Produced cheaply and for undiscriminating international audiences, the “Bruce Le” movies play like a dim adolescent’s Bruce Lee fan fiction. This can often be a lot of fun, particularly in the case of The Clones of Bruce Lee (1980). The plot: shortly after his death, Bruce’s DNA is used to create three doppelgangers, all of whom look a bit like Bruce Lee, but not much like each other (Bruce Le is joined by prolific South Korean clone “Dragon Lee” and the lesser-known “Bruce Lai”). From there, one of the clones enters the movie industry with an unscrupulous producer who plans to kill him on camera, while the other clones encounter both an army of iron bronzemen and a beachful of topless women. By the end, the inciting gimmick is all but forgotten; like a lot of “Bruce Le” movies, this one feels like it may have been pieced together out of several unfinished, unrelated movies.

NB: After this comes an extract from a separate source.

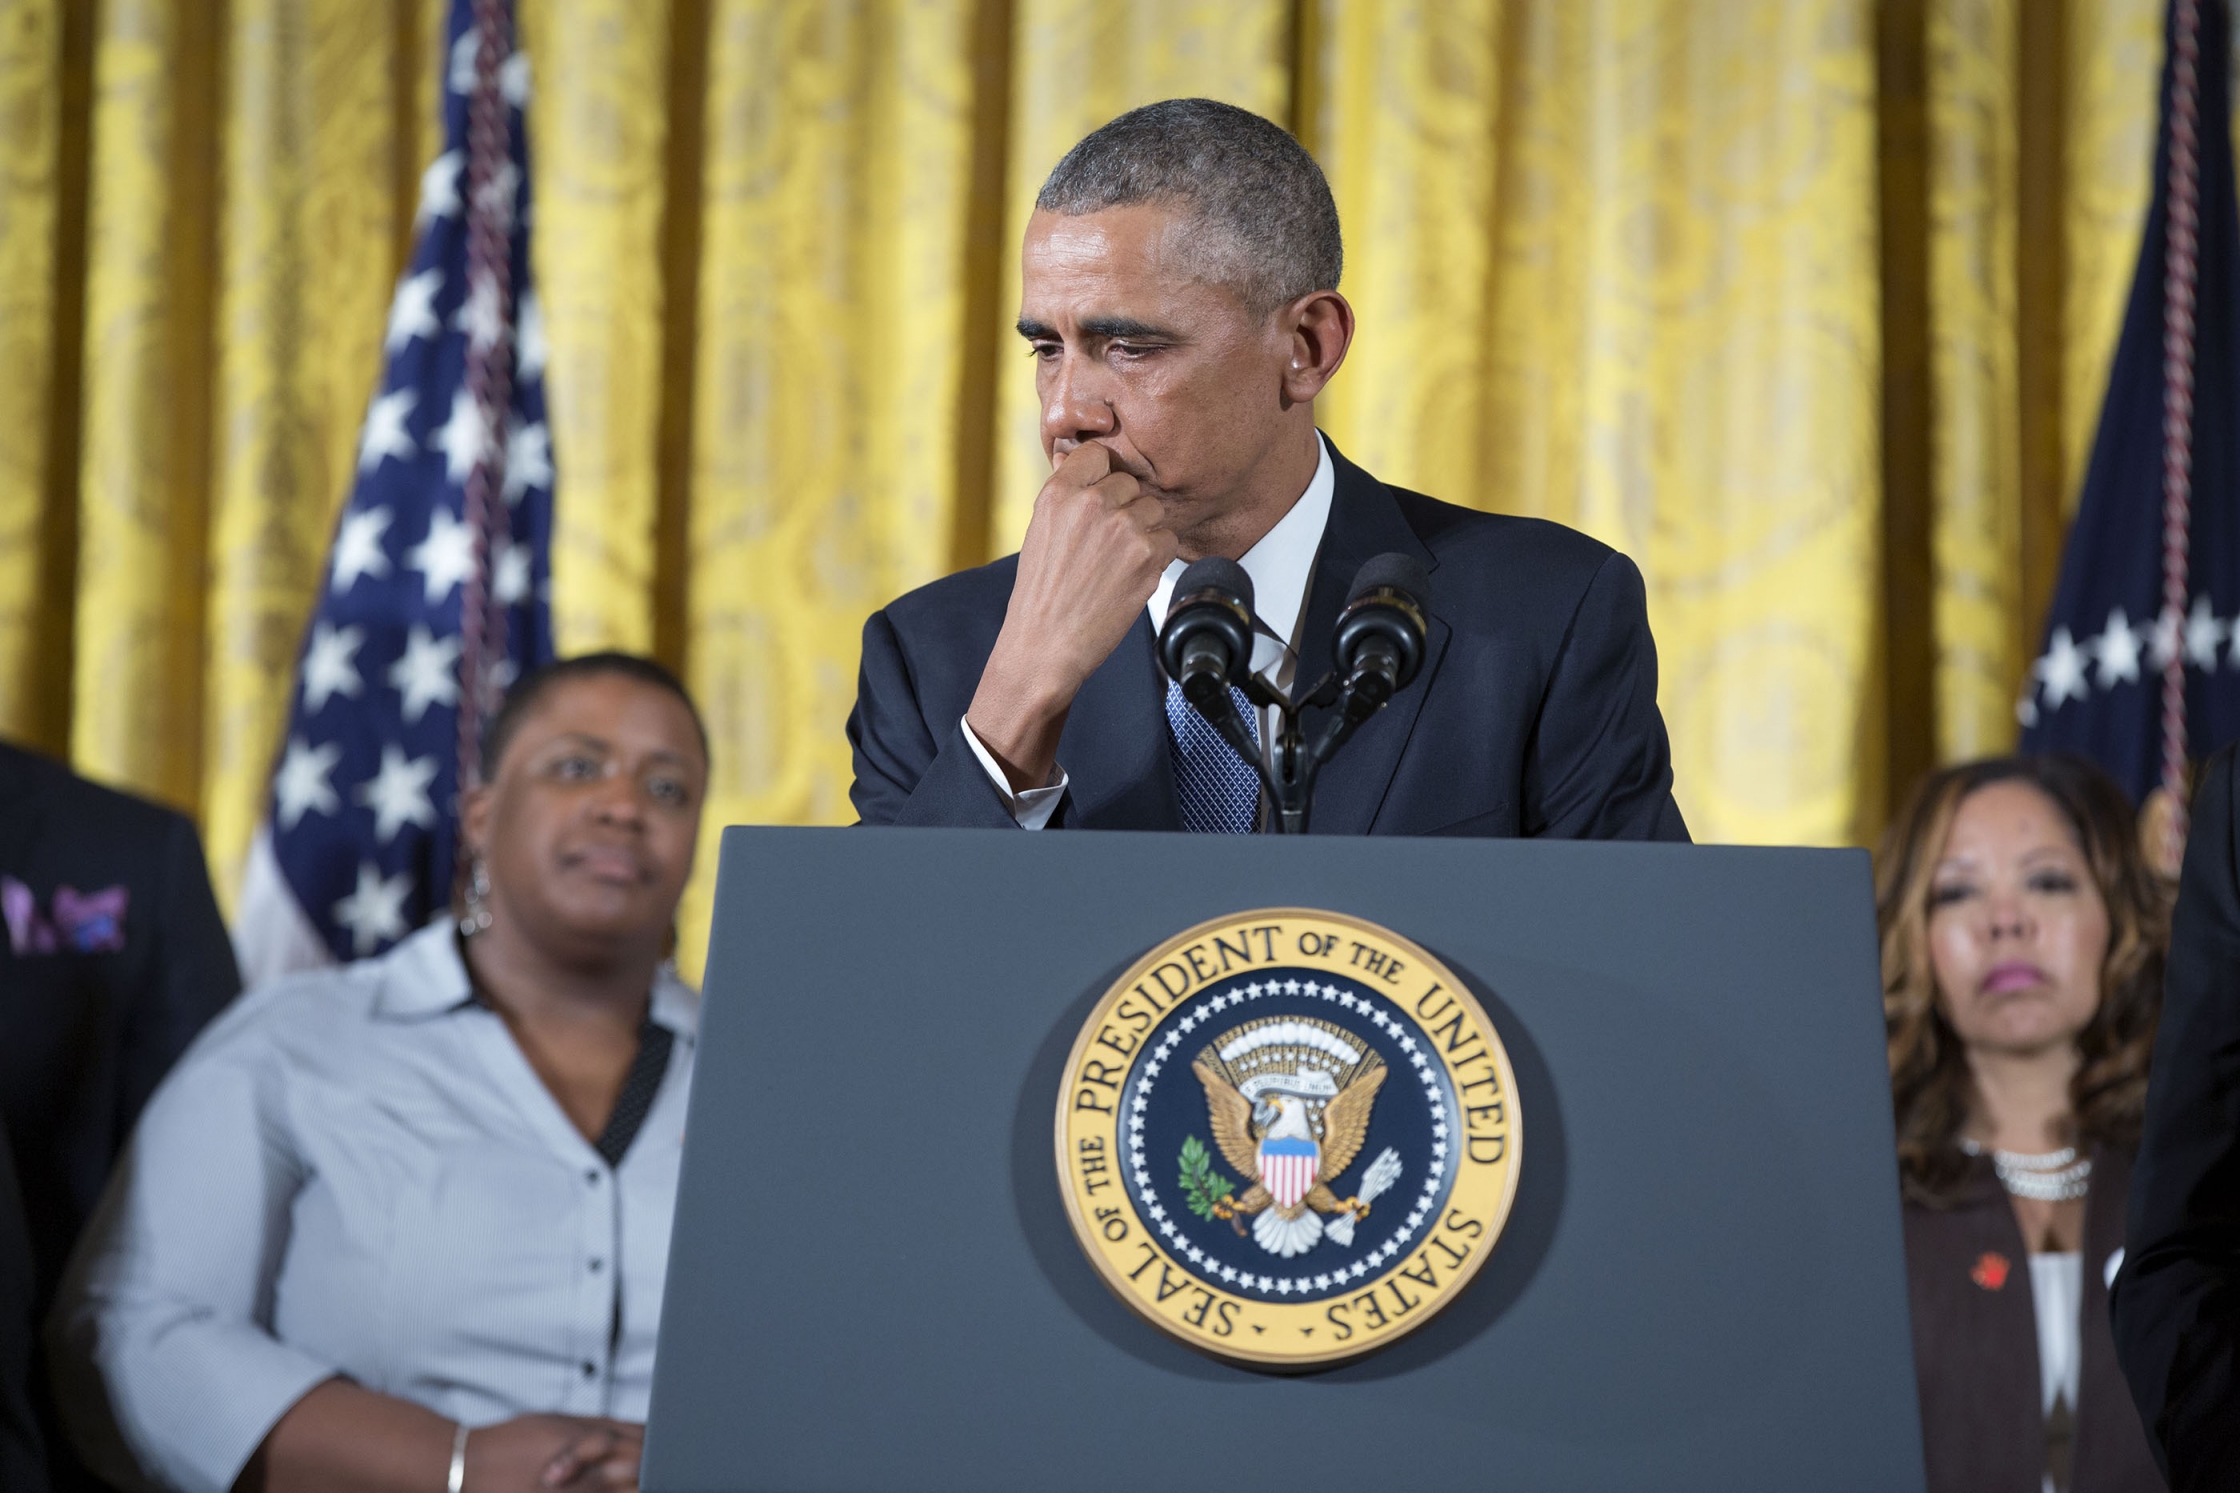 President Obama tears up at his press conference

Bruce Le’s fight scenes tend to be sloppy and drawn-out—very different from the real Lee’s precision. As the Bruceploitation cycle went on, Lee became an increasingly disembodied signifier, and no film captures this more knowingly than The Dragon Lives Again (1977). Opening with the grammatically-challenged note, “Dedicated to millions who love Bruce Lee,” the film begins with Bruce Lee’s body on a slab, seemingly with an erection (a reference to a popular tabloid rumor that Lee died mid-coitus). The engorgement turns out to be a concealed nunchaku, and the movie is off and running. The story unfolds in the Underworld, a purgatorial state where Bruce has been banished. He quickly runs afoul of the vain Emperor and is made to battle a bevy of pop-culture icons: Dracula, James Bond, the Godfather, Zatoichi, Emmanuelle, the Exorcist, and “Clint Eastwood.” In Bruce’s corner are Kwai Chang Caine (from TV’s Kung Fu) and Popeye the Sailor (played by the future star Eric Tsang in a moving performance). This plot description fails to fully convey the movie’s vibe, which is goofy and relaxed, with a fine, tone-setting performance from “Bruce Leung” (actually Leung Siu-lung, who makes admirably little effort to look or act like the real thing). A readymade “Can you believe this exists?” item that is funny on purpose, The Dragon Lives Again is the crown jewel of Spectacle’s lineup.

Enter the Dragon preserved Bruce Lee in amber at the moment his artistry flowered. He wouldn’t live to see fashions change, but his clones would. The year after The Dragon Lives Again, Jackie Chan and Yuen Woo-ping’s Drunken Master perfected a style of acrobatic kung-fu comedy that was the polar opposite of Lee’s approach. In the 1980s, Lee’s protégé Chuck Norris would help whitewash the martial arts genre for English-speaking audiences. Meanwhile, over time, Lee transformed from star to legend, and when several rounds of discourse greeted Quentin Tarantino’s portrait of the martial artist as an arrogant young man in Once Upon a Time .‌ . . in Hollywood (2019), it became clear that he now resides amongst the gods. His clones remain mere mortals, and for that reason, I kinda like them better.

Milking the Dragon: The Golden Age of Bruceploitation” runs through the end of May at Spectacle Theater. Bruce Lee’s imitators are also the subject of a new documentary, Enter the Clones of Bruce, premiering June 10 at the Tribeca Film Festival.